Amazingly, his is about the most concise contract in the conference, clocking in at just 14 pages. That ties him with Phil Fulmer for shortest contract in the league. What separates his contract from Phil’s though is the 16 pages of amendments and addenda that balloon the count up to 30 pages total. Notably, a fax of a form called “Procedures for Dismissal of Head Coach for Cause” dated December 29, 2004 was added to the file. Interesting, since Arkansas went 5-6 in 2004; it suggests that the university may have been starting to build a paper trail to get rid of him.

What do you mean a paper trail means they want me to go away? Image CC by Flickr user TipsterHog.

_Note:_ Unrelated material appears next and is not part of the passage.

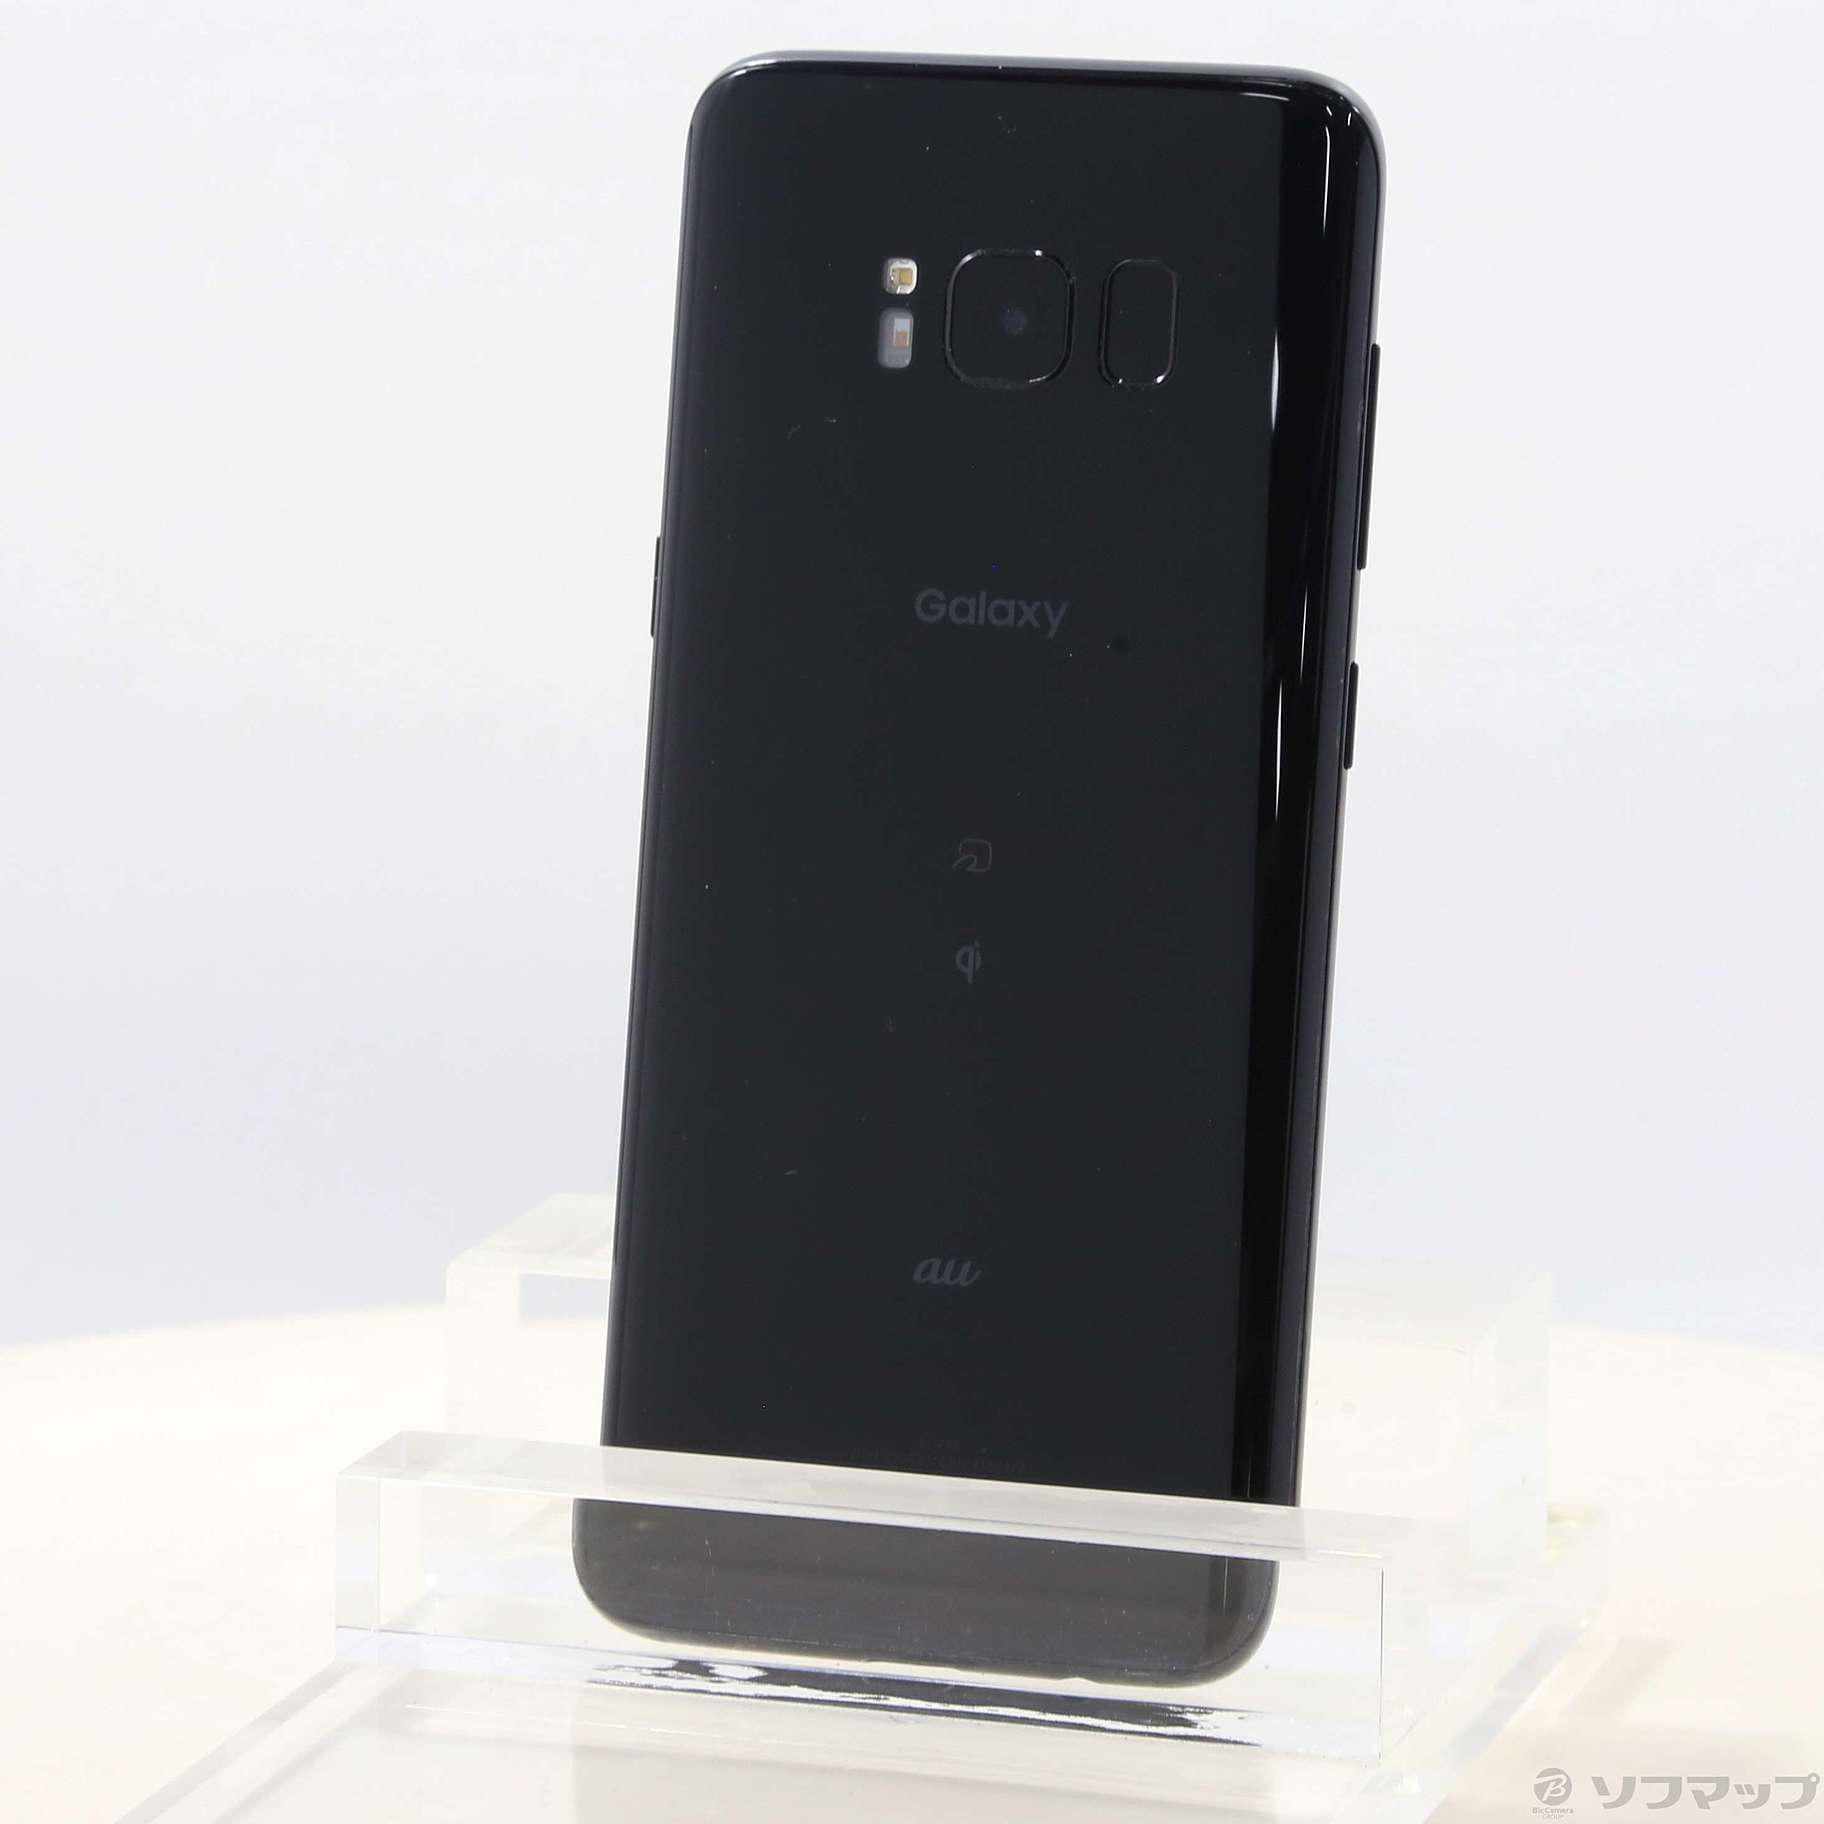 Galaxy S8 Black 64 GB auスマートフォン本体

Nutt was one of the few in the country without explicit performance incentives. The contract states that he was eligible to receive them in accordance with the policy of university’s board of trustees and state law, but he was at the mercy of the athletic department when it came to actually receiving those bonuses. To show how things change over time, his original 1997 contract said he could request a car “of a make and model comparable with that provided to the highest officials at UAF,” but a decade later he got two complimentary cars without even having to ask. The two car deal is pretty universal at this point.

His largest source of income was not actually coaching football, which got him a salary of $329,644. It was actually his coach’s show that paid him the most at $600,000. Perhaps he should have gone into the talk show business if he could make that much for a seasonal show with only 12 or 13 half hour episodes a year.

Selected Quotes:

“Coach shall have the duty and responsibility for… making a good faith effort… in meeting academic requirements by student athletes which shall include achieving goals for graduation of student athletes as established by the Athletic Director annually.”

So, if his team doesn’t meet academic requirements, it’s no problem. As long as he made a “good faith effort” it’s fine if the kids didn’t graduate enough. It doesn’t mention a goal for graduating every player that comes through the program either. This is by far the least restrictive clause of any I’ve seen regarding academic progress by the players.

“Coach shall be entitled to… tuition reduction for himself and his dependents.”

So if he wants to take classes on the side while he coaches, he still has to pay up, just at a reduced rate.

“Coach acknowledges that the University will commit substantial financial resources to the success of its football program…”

This is from the part that legitimizes a buyout since his leaving for another job would cause damages to the program. You’d think that the school’s “substantial” commitment to football success would be implicit in the huge salary that it agreed to pay its coach. Every coach has to agree that his leaving would cause damages, but only this contract makes reference to the university’s commitment to success as part of the reason for damages occurring.

Better coach ‘em up better in Oxford, Houston. Image CC by Flickr user TipsterHog.

Note: This post has been published used by WordPress’s new feature allowing you to set a time in the future for publication rather than have it go up immediately. This is the first time I’ve tried it, so if anything goes weird I blame it on that.